▼▼▼
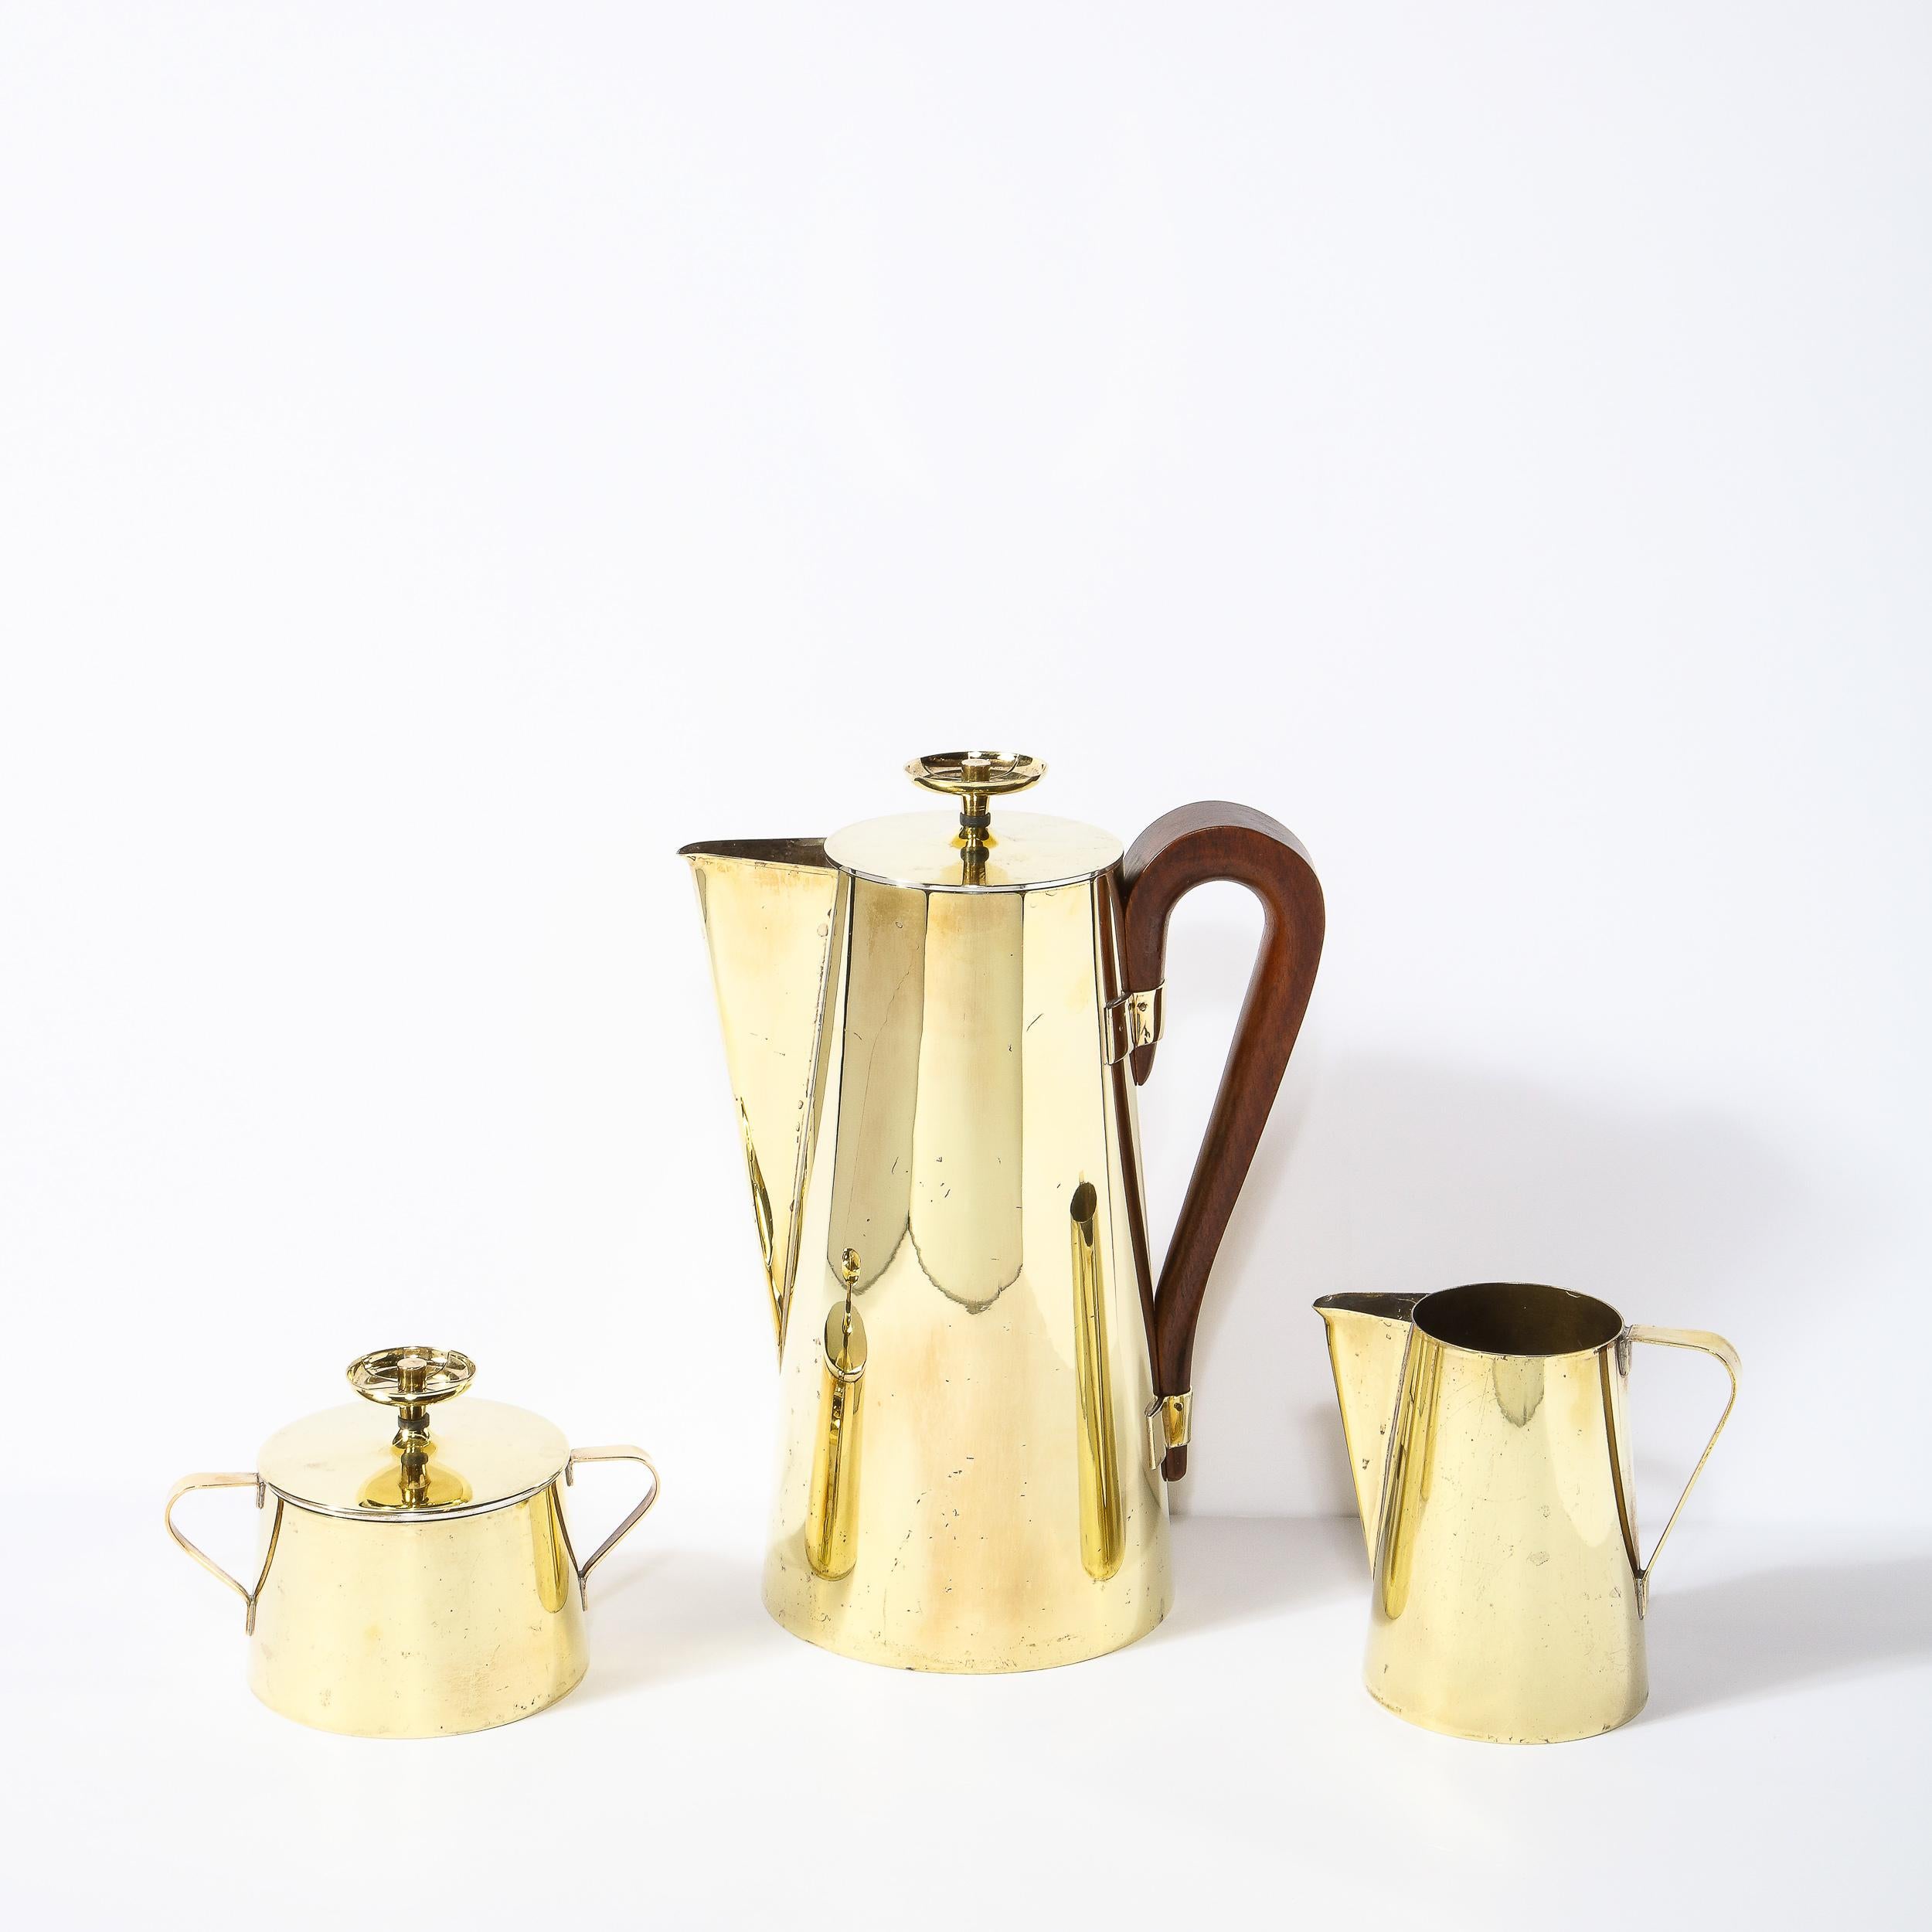 Ce magnifique service à café ou à thé a été conçu par Tommi Parzinger, l'un des plus célèbres designers modernistes du milieu du siècle, pour Dorlyn Silversmiths vers 1960. L'ensemble comprend une théière, un crémier et un sucrier avec couvercle. Le
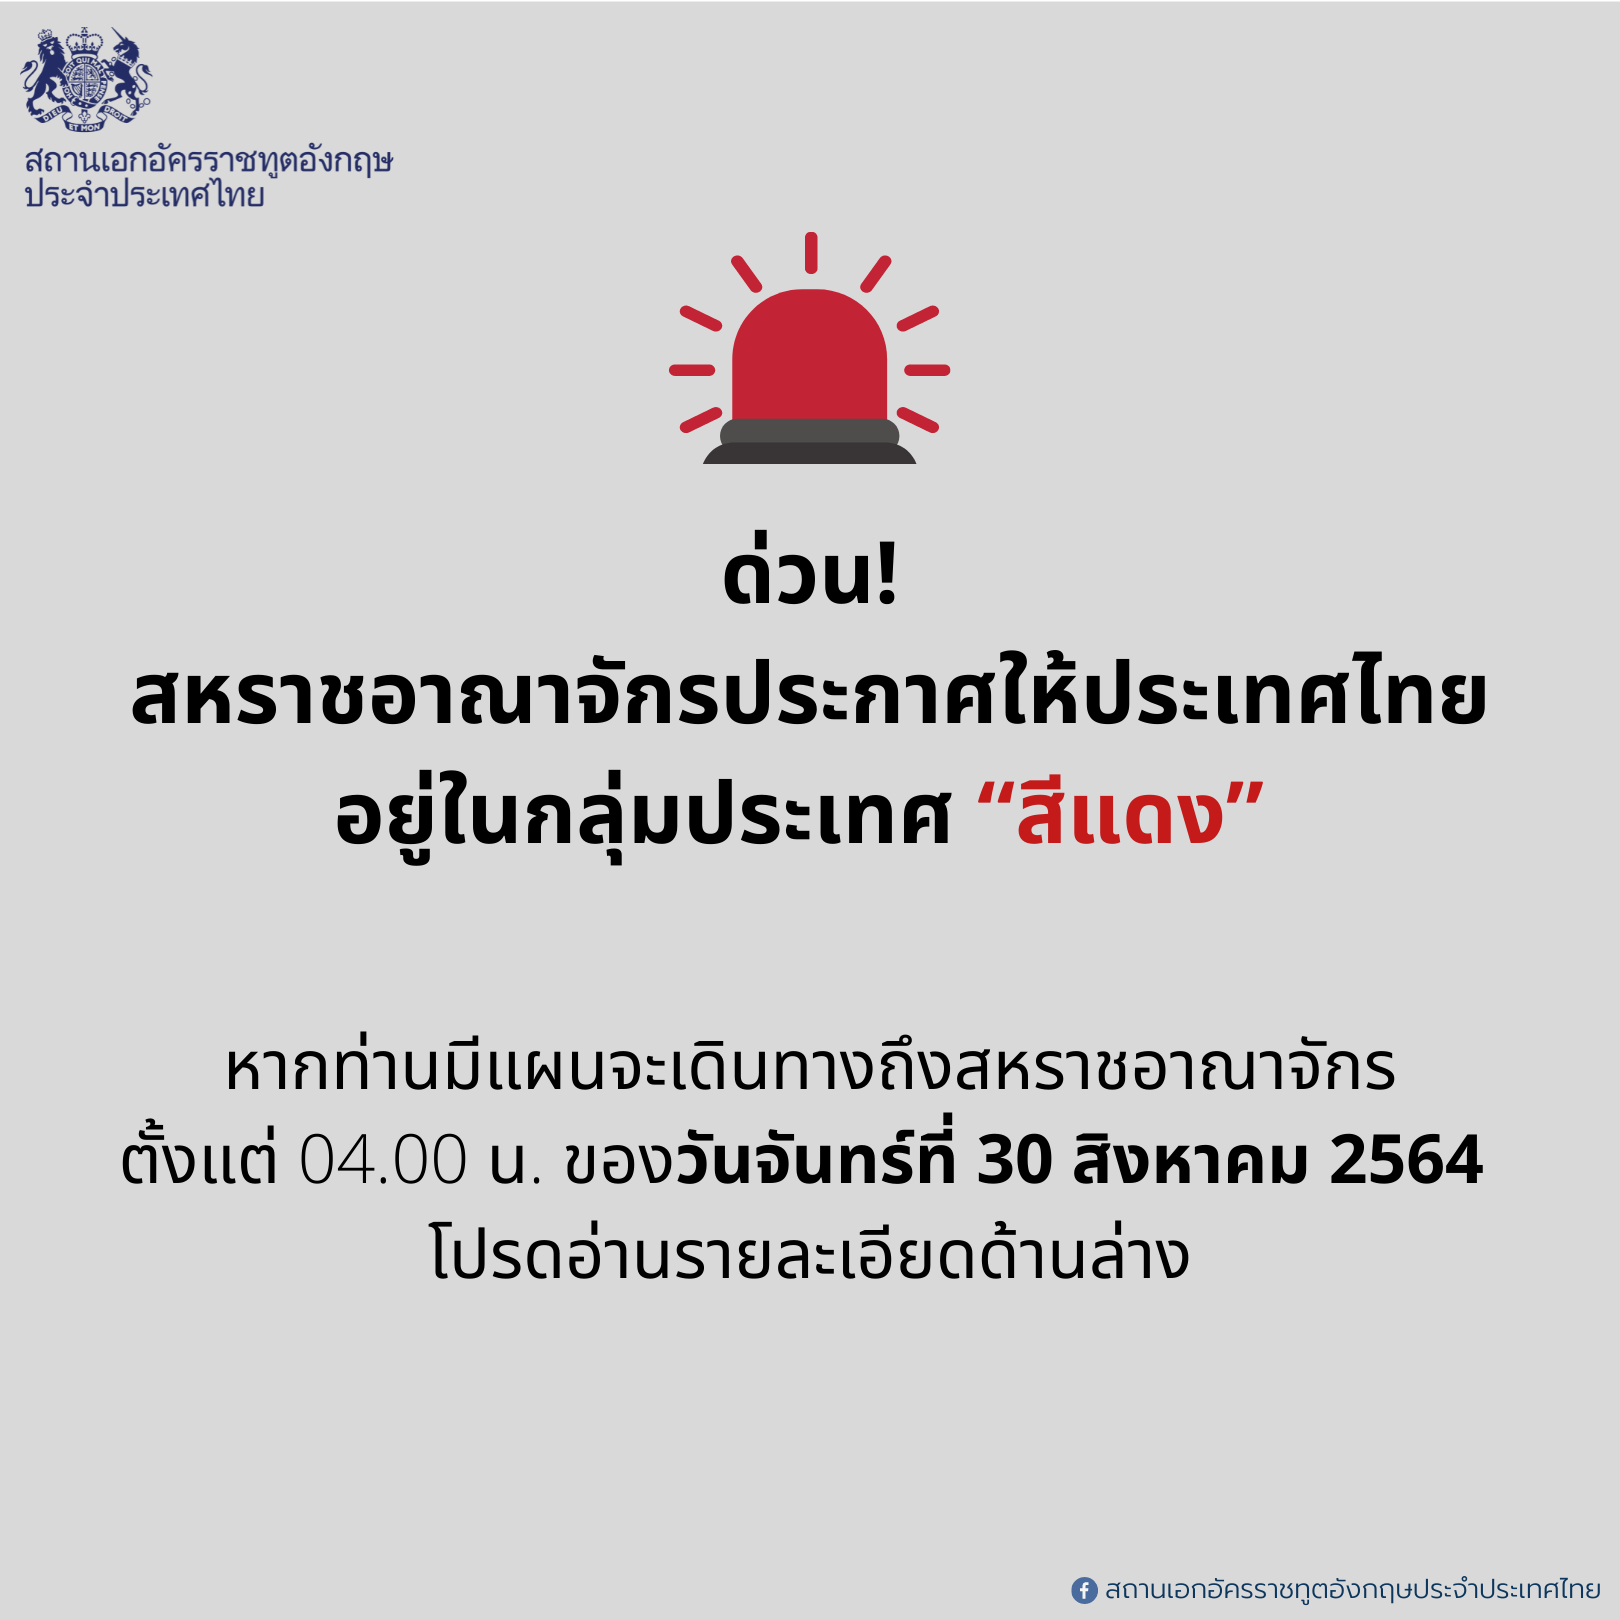 สถานเอกอัครราชทูตอังกฤษประจำประเทศไทย
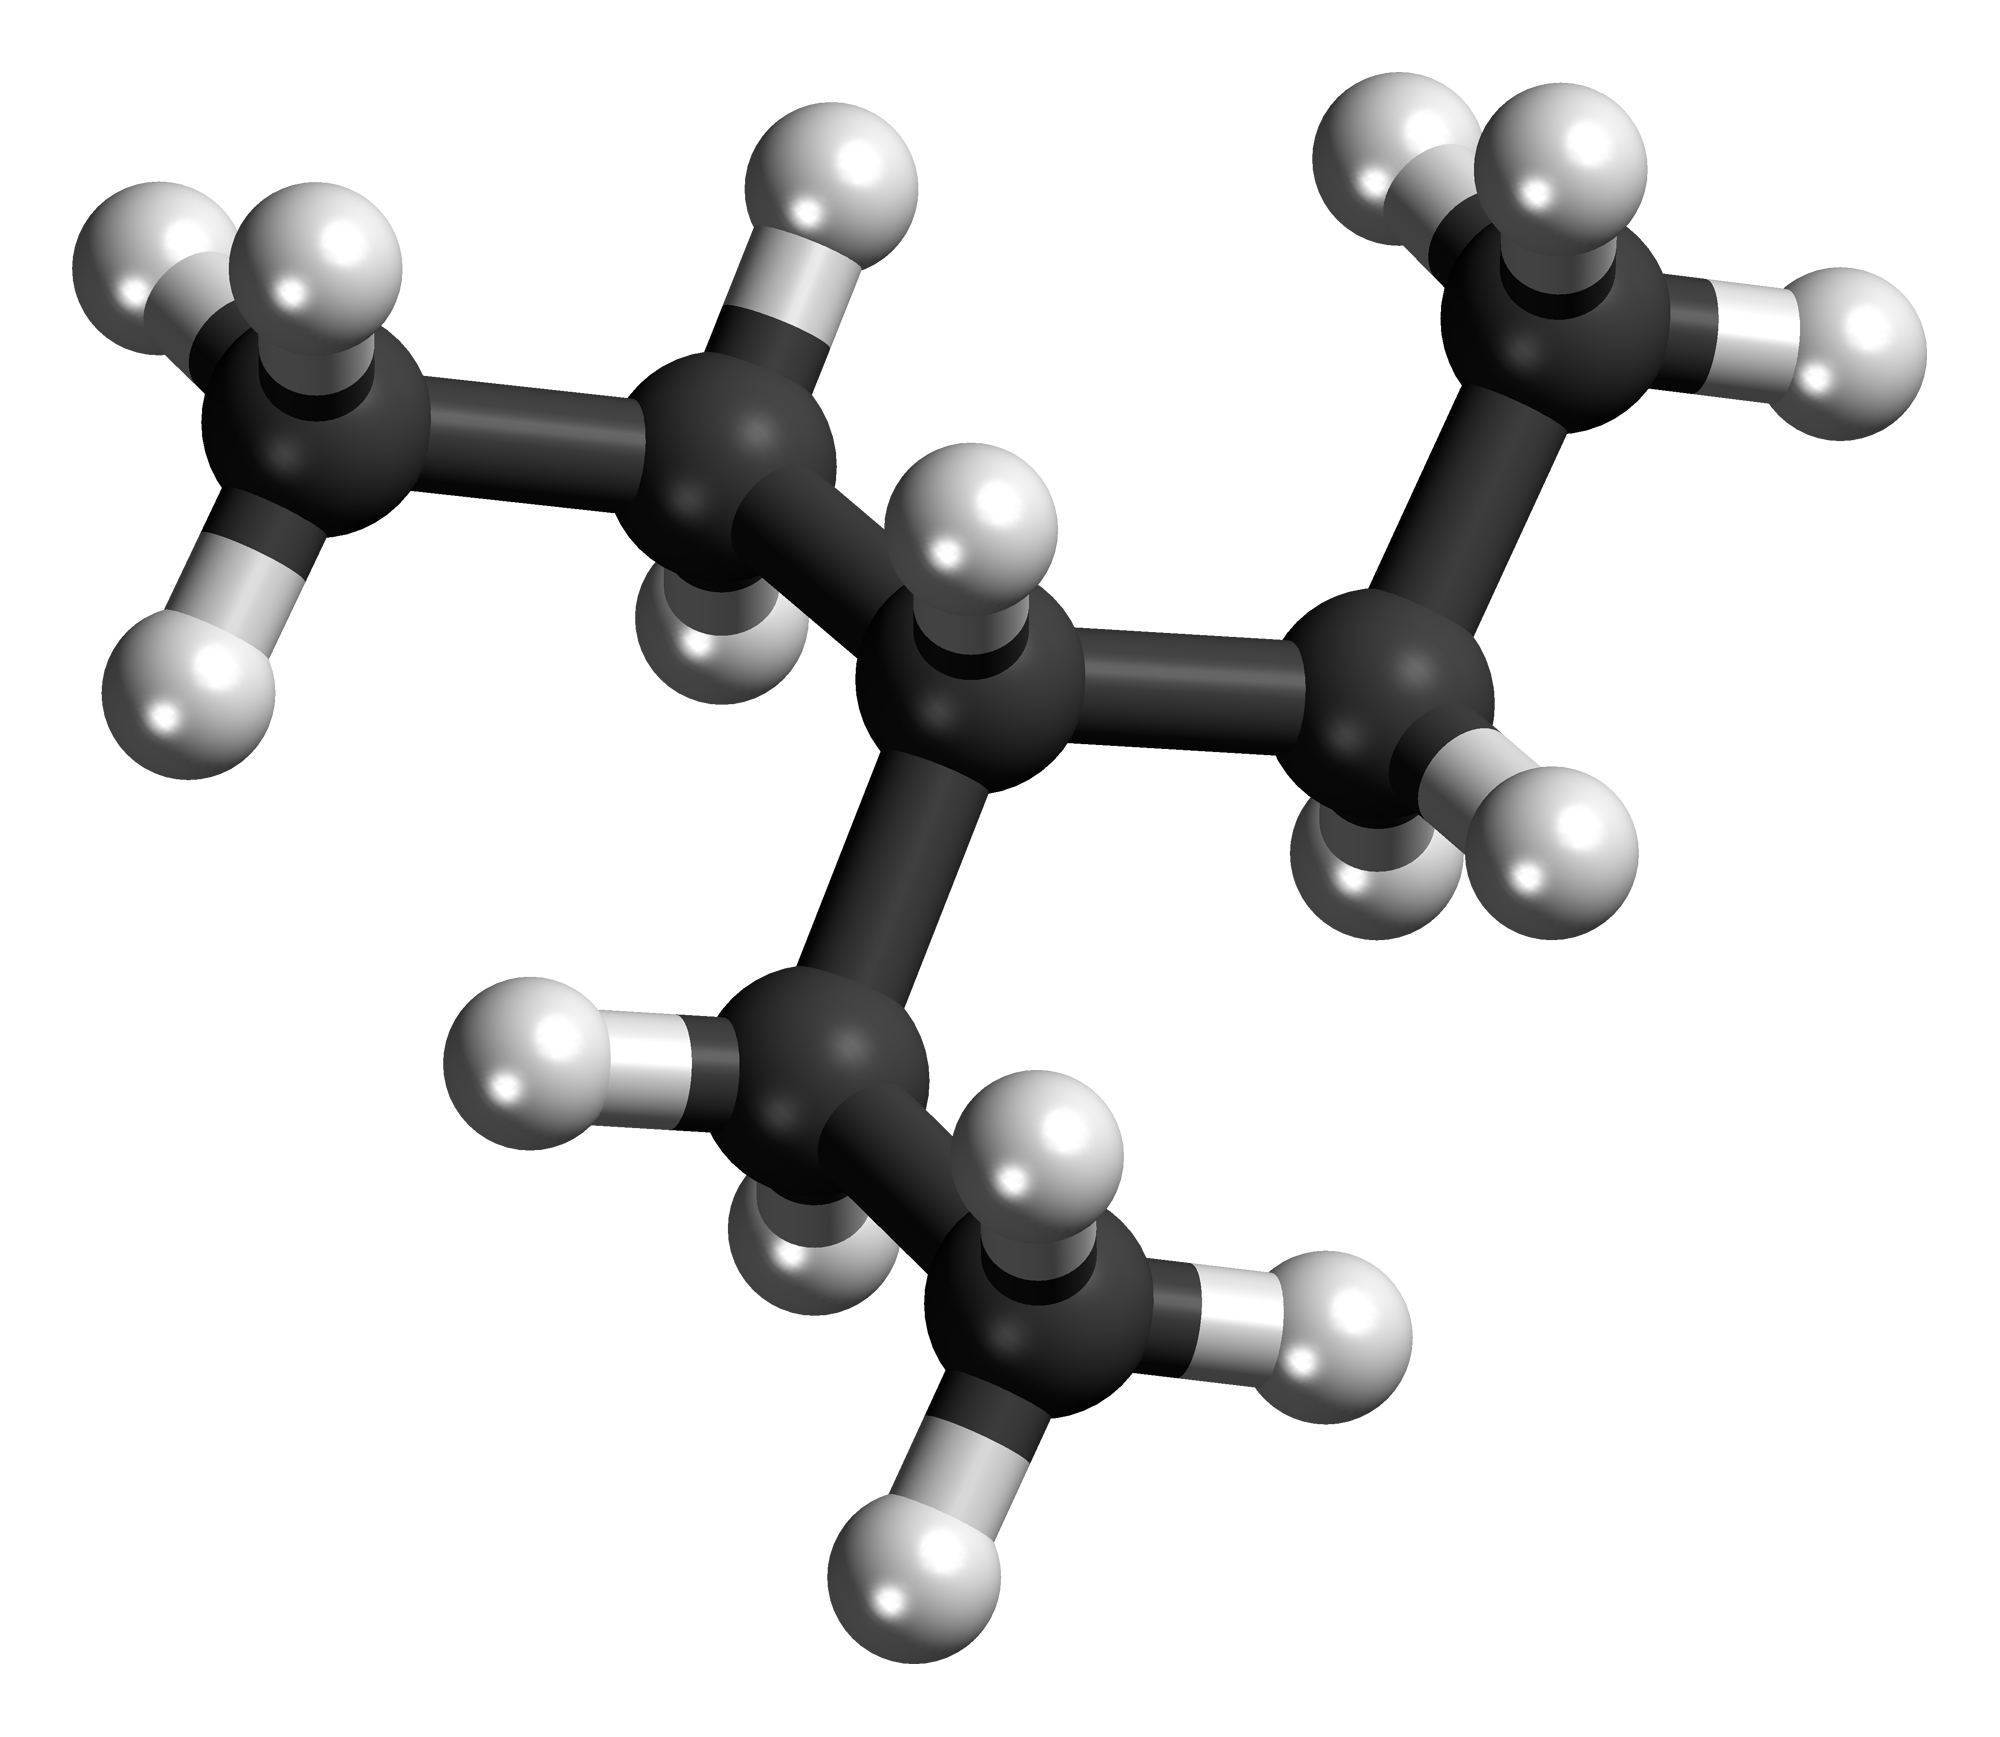 caffeine molecule - /science/
▲▲▲
Please produce an exact copy of all the material, leaving out the pictures.

» **Solution below**:
 Ce magnifique service à café ou à thé a été conçu par Tommi Parzinger, l'un des plus célèbres designers modernistes du milieu du siècle, pour Dorlyn Silversmiths vers 1960. L'ensemble comprend une théière, un crémier et un sucrier avec couvercle. Le
 สถานเอกอัครราชทูตอังกฤษประจำประเทศไทย
 caffeine molecule - /science/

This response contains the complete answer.